Introduction

In the present age of depletion of fossil fuels along with its environmental concerns, the search for alternate sources of fuels has gathered momentum in different parts of the world. Jatropha curcas is a promising energy crop with more than 40% oil content (Makkar et al. 1997; Divakara et al. 2010) in its seeds. The Jatropha oil contains 21% saturated fatty acids and 79% unsaturated fatty acids (palmitic acids 4.2%, stearic acid 6.9%, oleic acid 43.1%, linoleic acid 34.3%, and others 1.4%) (Akbar et al. 2009). J. curcas is native to tropical America with more than 200 species that are widely distributed in the tropics with a promise to be used as an oil crop for biodiesel. RAPD and ISSR analysis have shown narrow genetic base in J. curcas (Basha and Sujatha 2007; Tanya et al. 2011). Castor bean (Ricinus communis) is a plant species, which is taxonomically related to J. curcas such that both belong to Euphorbiaceae. The seeds of both contain a similar toxic protein, and more importantly, the seed oil from both the species is used in the production of biodiesel. The high level of synteny was reported at genomes level between these two plant species (Sato et al. 2011) which can be exploited to develop anchor markers by utilizing genome resources of castor bean.
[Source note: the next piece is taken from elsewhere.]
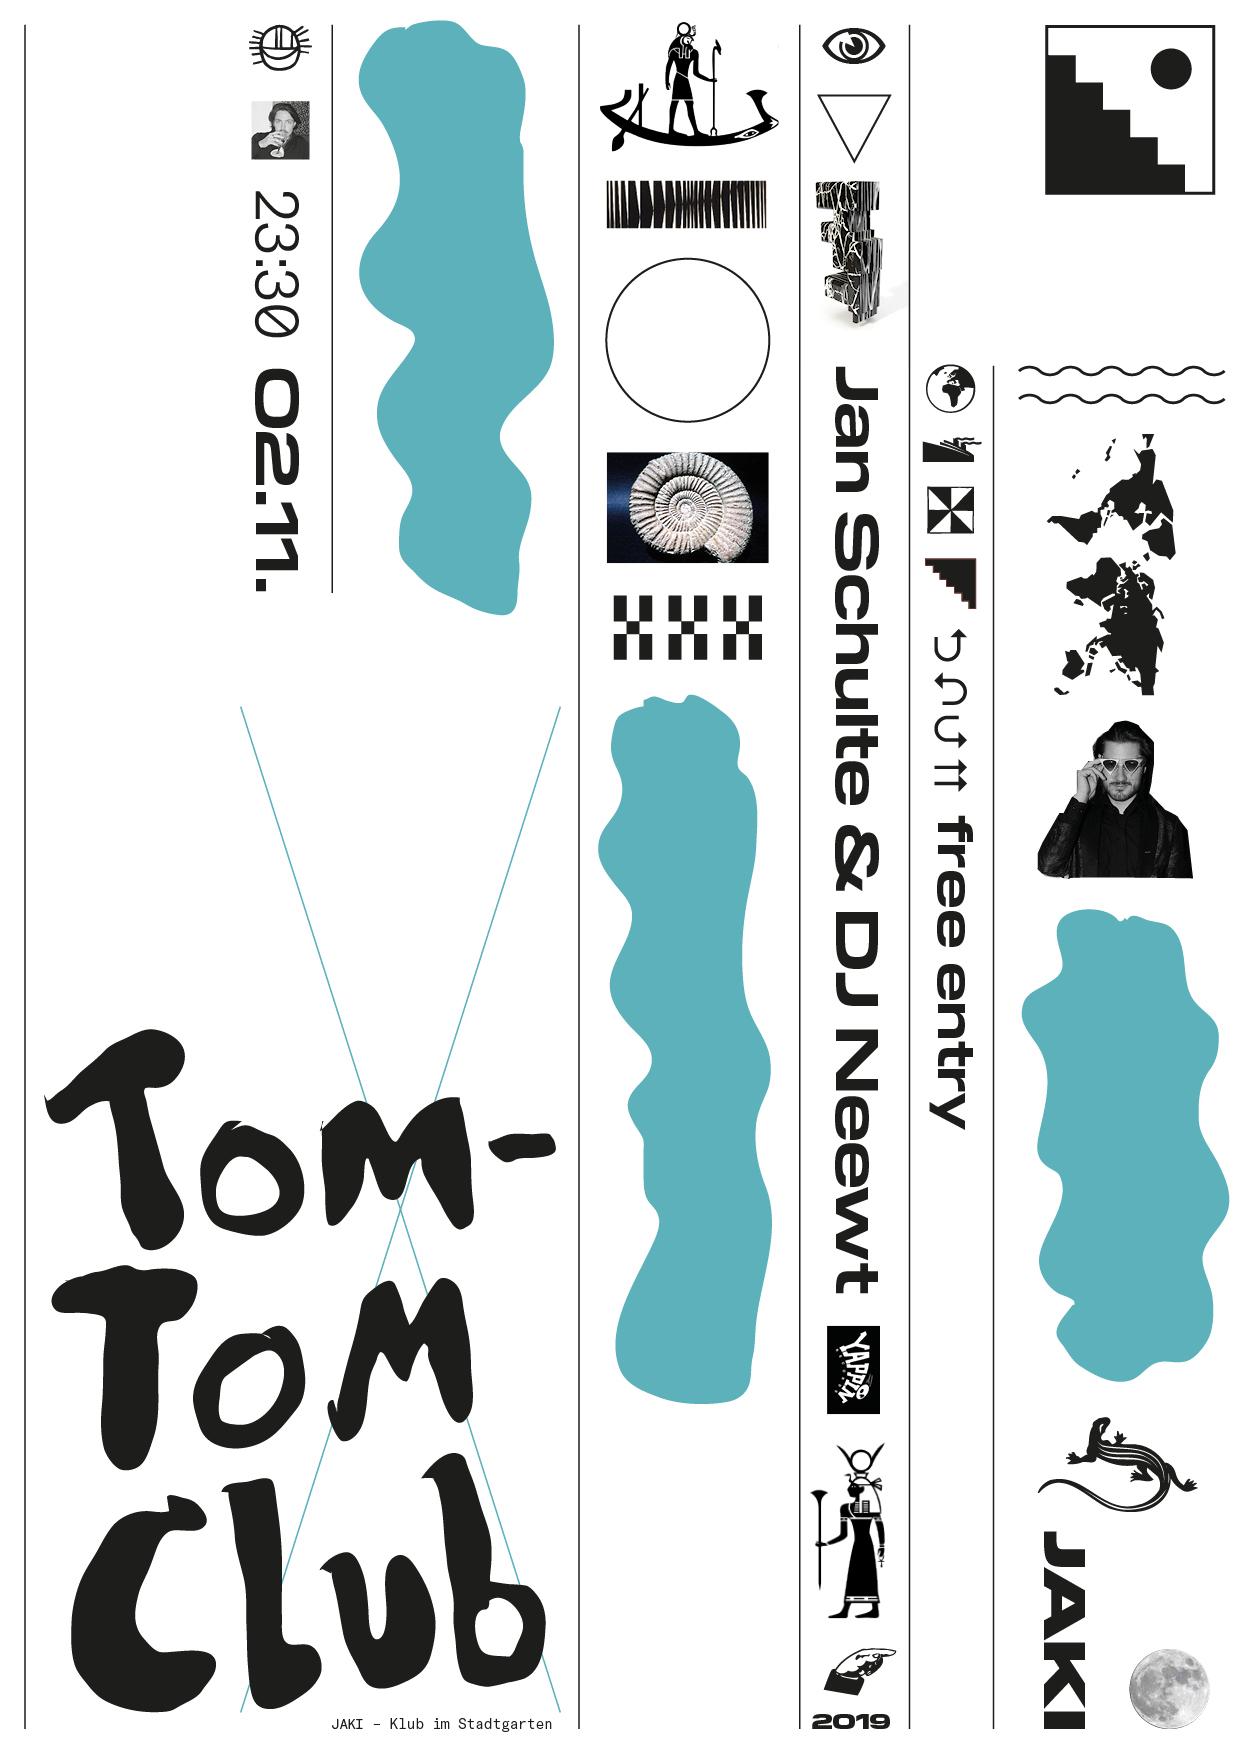 TomTom_1102

Comparative genomics has been used to understand gene organization and genome evolution in different organisms (Keller and Feuillet 2000; Ellwood et al. 2008). Crop improvement programs can use comparative genetics to transfer information about genes from model species to their species of interest, to identify the genes controlling traits of interest, and to assess within-species allelic diversity so that the best alleles can be identified and assembled in superior varieties (Sorrells et al. 2003; Heesacker et al. 2009).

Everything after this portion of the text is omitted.